DRI Demonstrates New Way to Transform Stem Cells into Insulin-Producing Cells
Miami, FL (February 24, 2005) -- Combining their respective expertise, molecular biologists and diabetes stem cell researchers from the Diabetes Research Institute (DRI) at the University of Miami Leonard M. Miller School of Medicine reported the first successful use of protein transduction domains (PTD) to promote pancreatic cell differentiation. The technology uses small membrane-crossing proteins to facilitate the penetration of much larger “piggy-backed” molecules that would otherwise not be able to enter targeted cells. Using these PTDs, DRI scientists demonstrated that a critical developmental factor involved in the development of insulin-producing cells, neurogenin 3, can be introduced into pancreatic stem/progenitor cells, successfully promoting their differentiation into endocrine cell types capable of producing both insulin and glucagon as in the normal pancreas.
The findings appear in the March issue of the journal Diabetes, and have already drawn considerable attention from the scientific community. The study is proof of principle that the approach is indeed successful, and the findings open a promising new avenue of science that could quickly advance diabetes stem cell research and enable the development of more insulin-producing cells, or islet cells, for islet cell transplant into patients with Type 1 diabetes.
“Even though we know which genes are activated in normal pancreatic development, and in which order, our understanding of the molecular signals that turn them on is still very limited,” explains Juan Domínguez-Bendala, PhD, and lead scientist in the study. “Here we’ve demonstrated that ‘protein therapy’ can be used successfully to accelerate stem cell differentiation, bypassing the need for signaling events that we don’t fully understand yet.” The PTD study uses Neurogenin 3 (ngn3), a protein known to ‘prime’ the formation of islet cells during pancreatic development, and tags it with a small ‘facilitating’ peptide called TAT. This tag carries ngn3 into the stem cells in culture.
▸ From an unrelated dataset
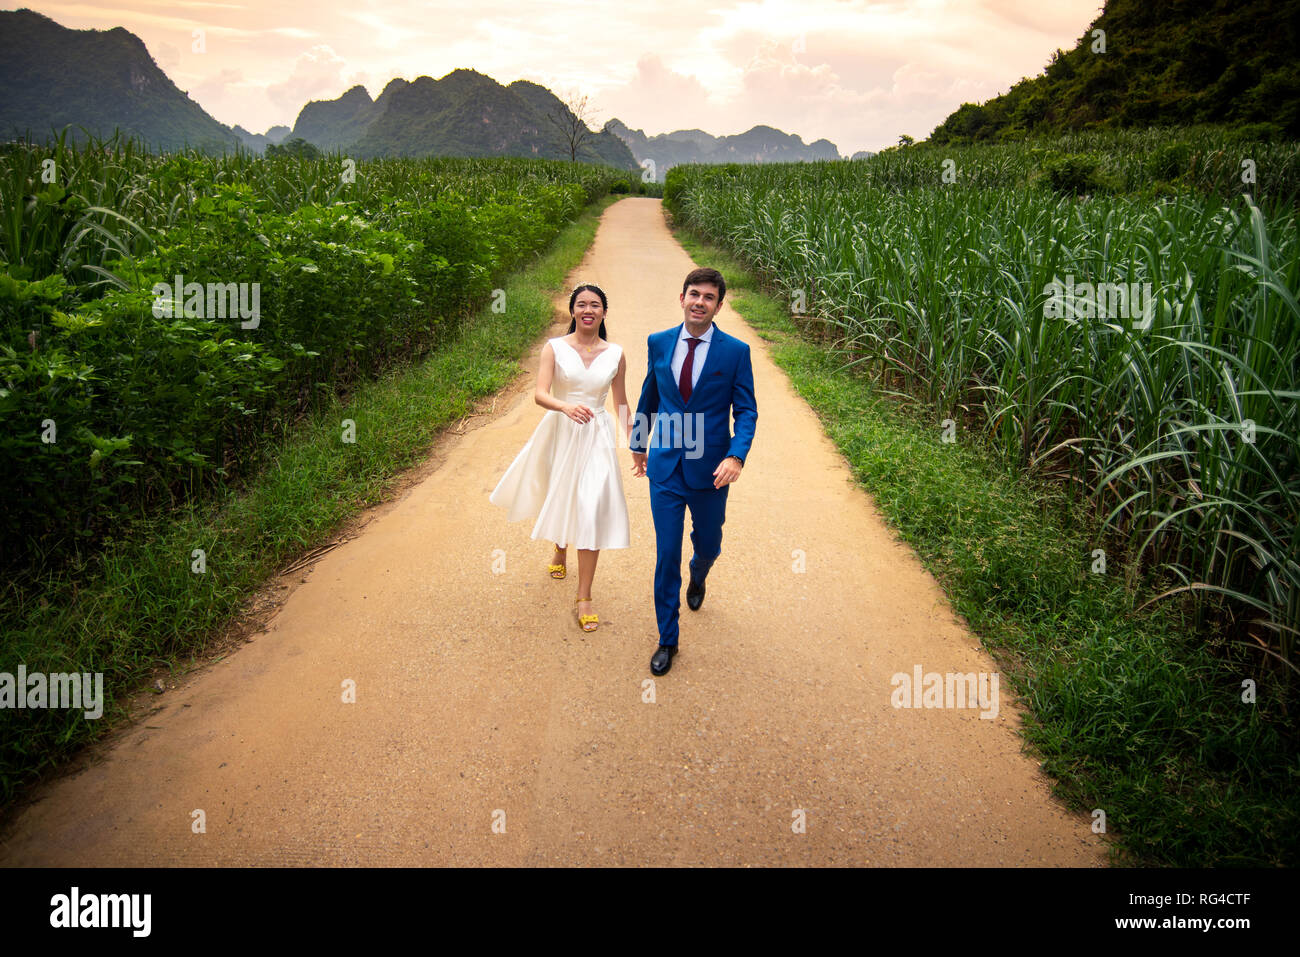 Heureux couple s'amusant dans un champ de canne à sucre au coucher du soleil Banque D'Images

The resulting protein is then purified and added to the culture medium of immature pancreatic cells, where it enhanced their differentiation into islet cell types with both high efficiency and speed.
Scientists at the DRI have been using PTD technology for quite some time to preserve and enhance islet cell function. “The TAT/PTD, is perhaps the best characterized PTD,” adds Ricardo Pastori, PhD, Director of Molecular Biology at the DRI and Co-investigator in the study, “and it has been proved to efficiently deliver peptides as well as full-length proteins to a wide variety of cells and tissues. This novel strategy raises the possibility of designing ‘self-carrying’ proteins that can sequentially educate human embryonic stem cells to fully functioning pancreatic cells, perhaps resulting in a limitless supply of islet cells for transplantation. That is our aim.”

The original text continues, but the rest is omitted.